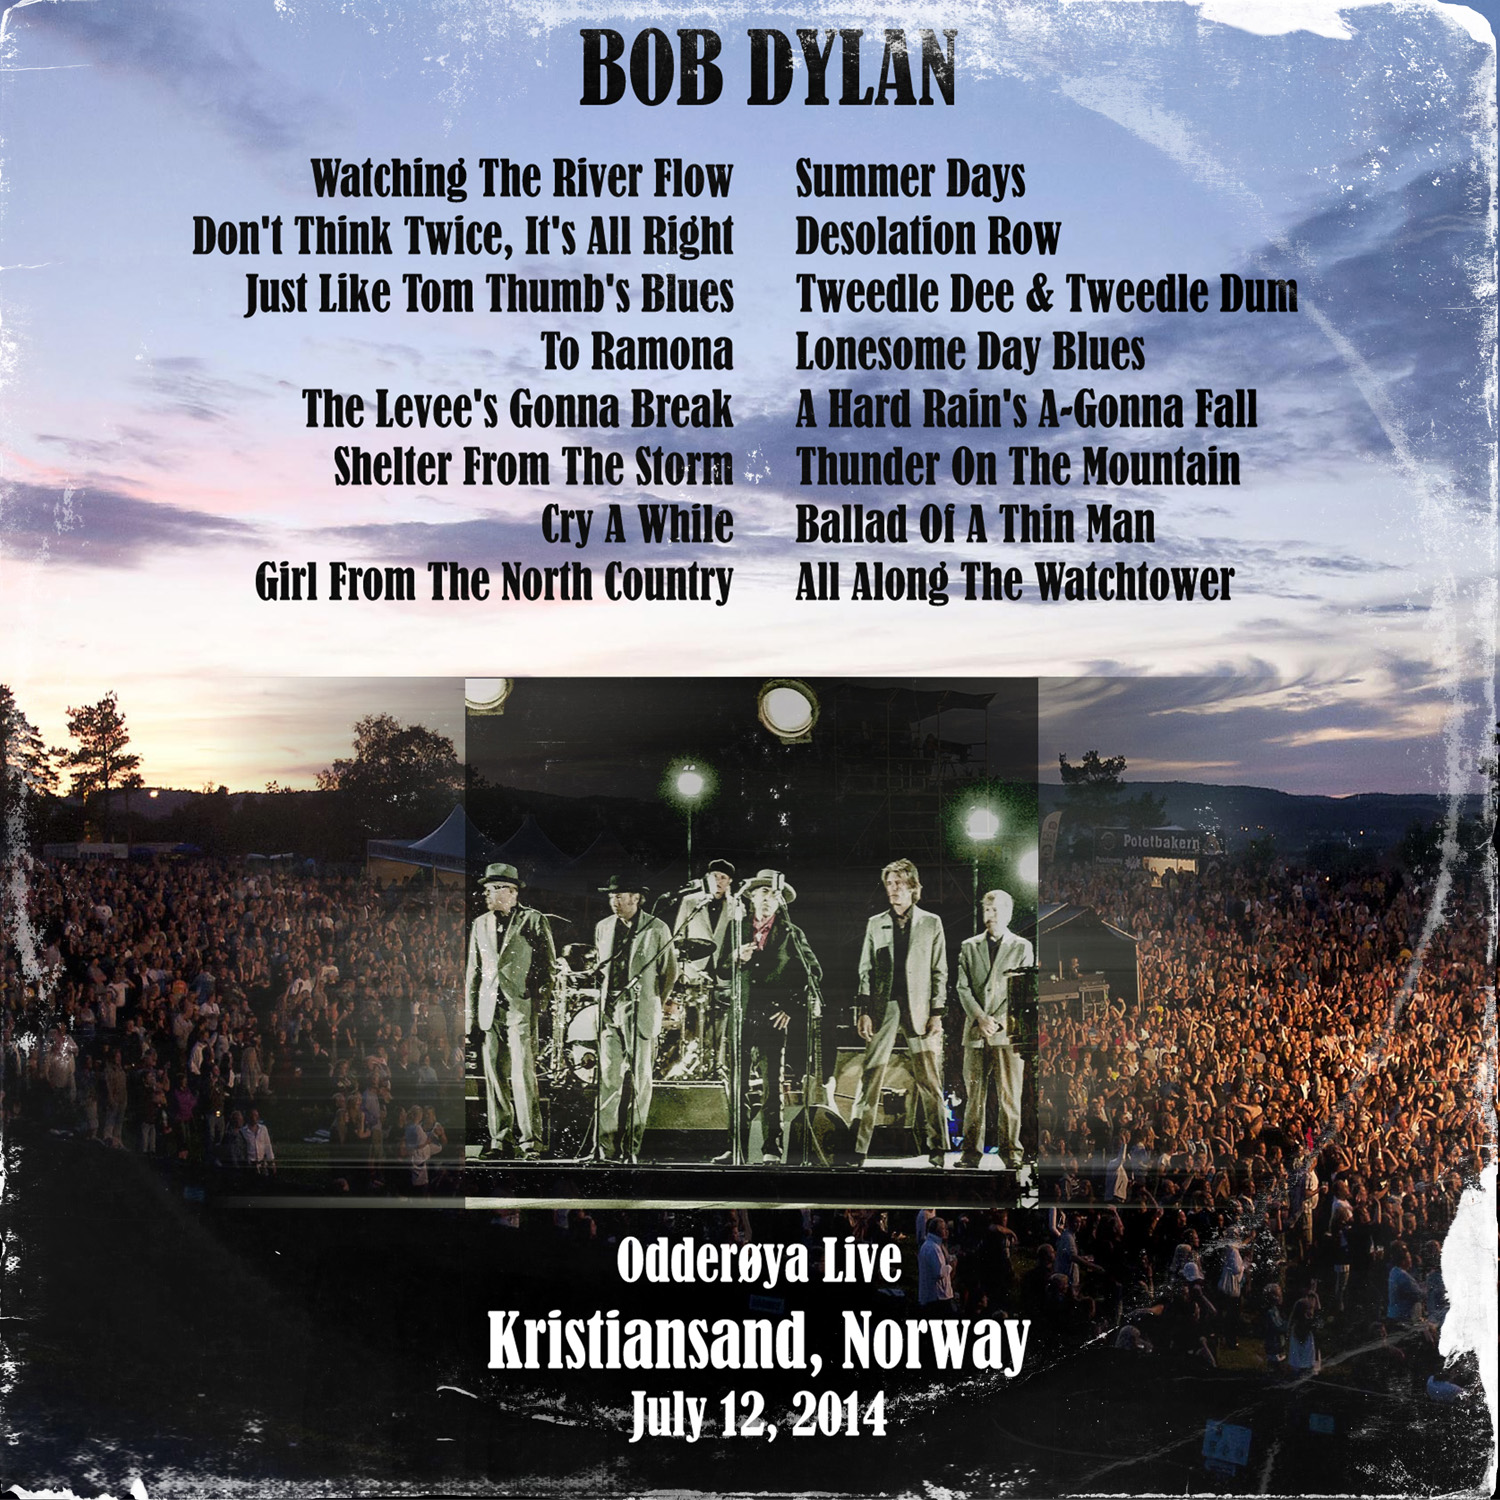 BobDylan2014-07-12Odderoya LiveKristiansandNorway (1).jpg
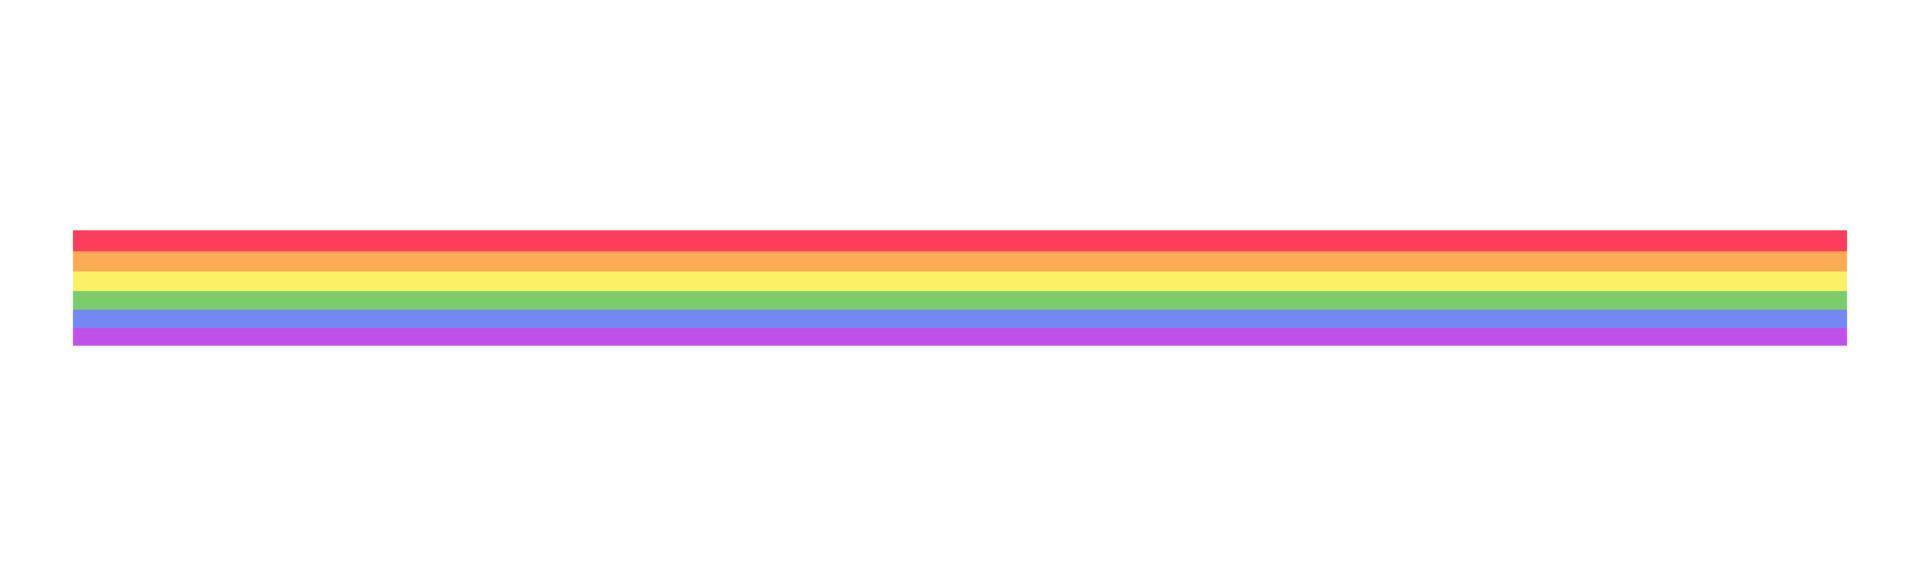 arco Iris bandeira fronteira. orgulho mês divisor simples vetor ilustração clipart
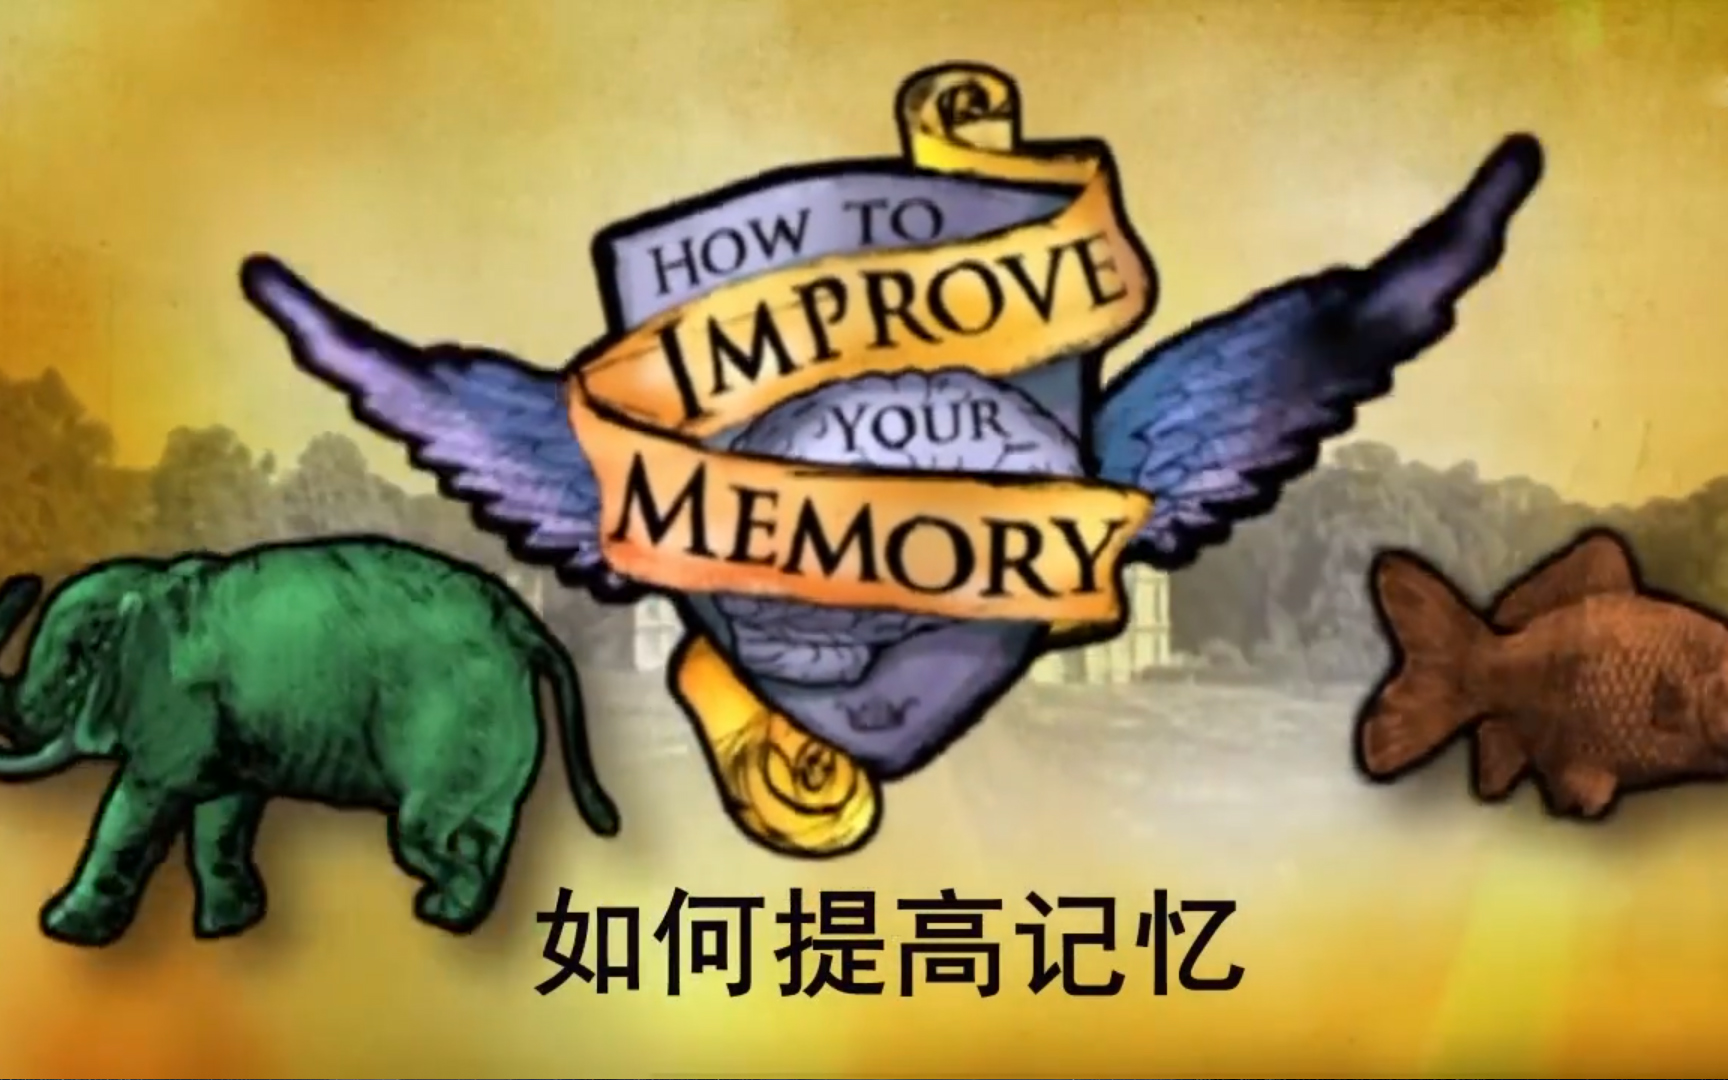 【纪录片】如何提高记忆 - How to Improve Your Memory
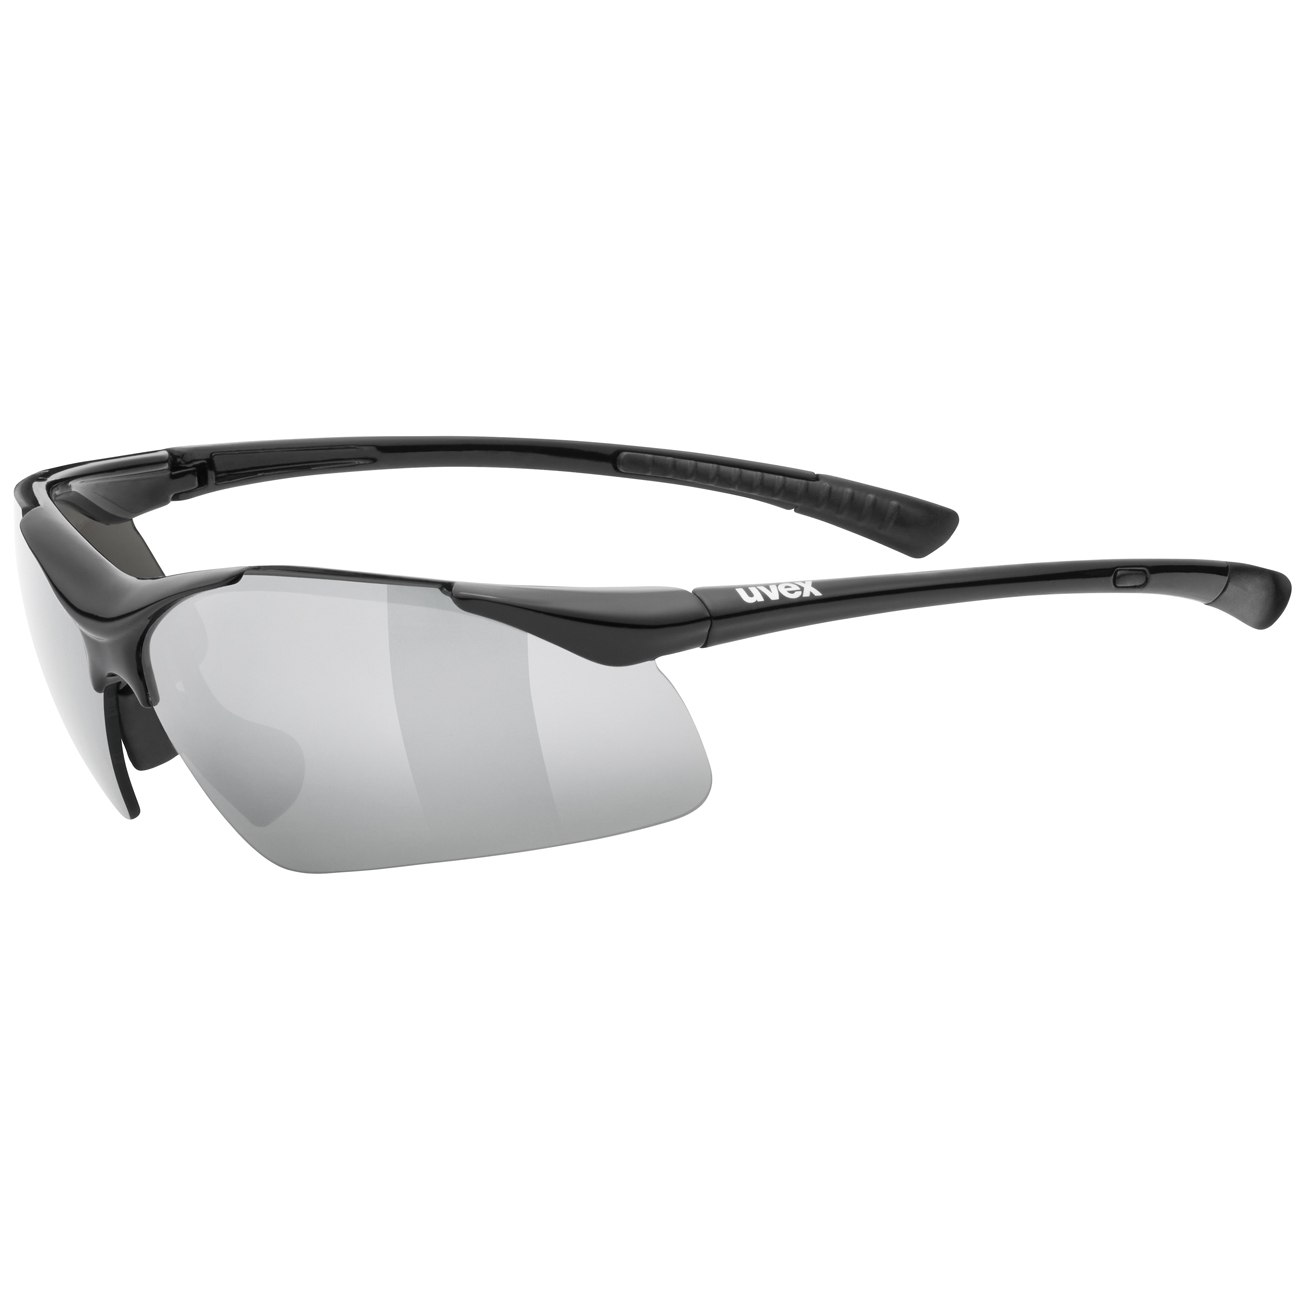 Produktbild von Uvex sportstyle 223 Brille - black/litemirror silver

### Task goal
The result should be the full material above, word for word, with its pictures omitted.

### Response box
 BobDylan2014-07-12Odderoya LiveKristiansandNorway (1).jpg
 arco Iris bandeira fronteira. orgulho mês divisor simples vetor ilustração clipart
 【纪录片】如何提高记忆 - How to Improve Your Memory
 Produktbild von Uvex sportstyle 223 Brille - black/litemirror silver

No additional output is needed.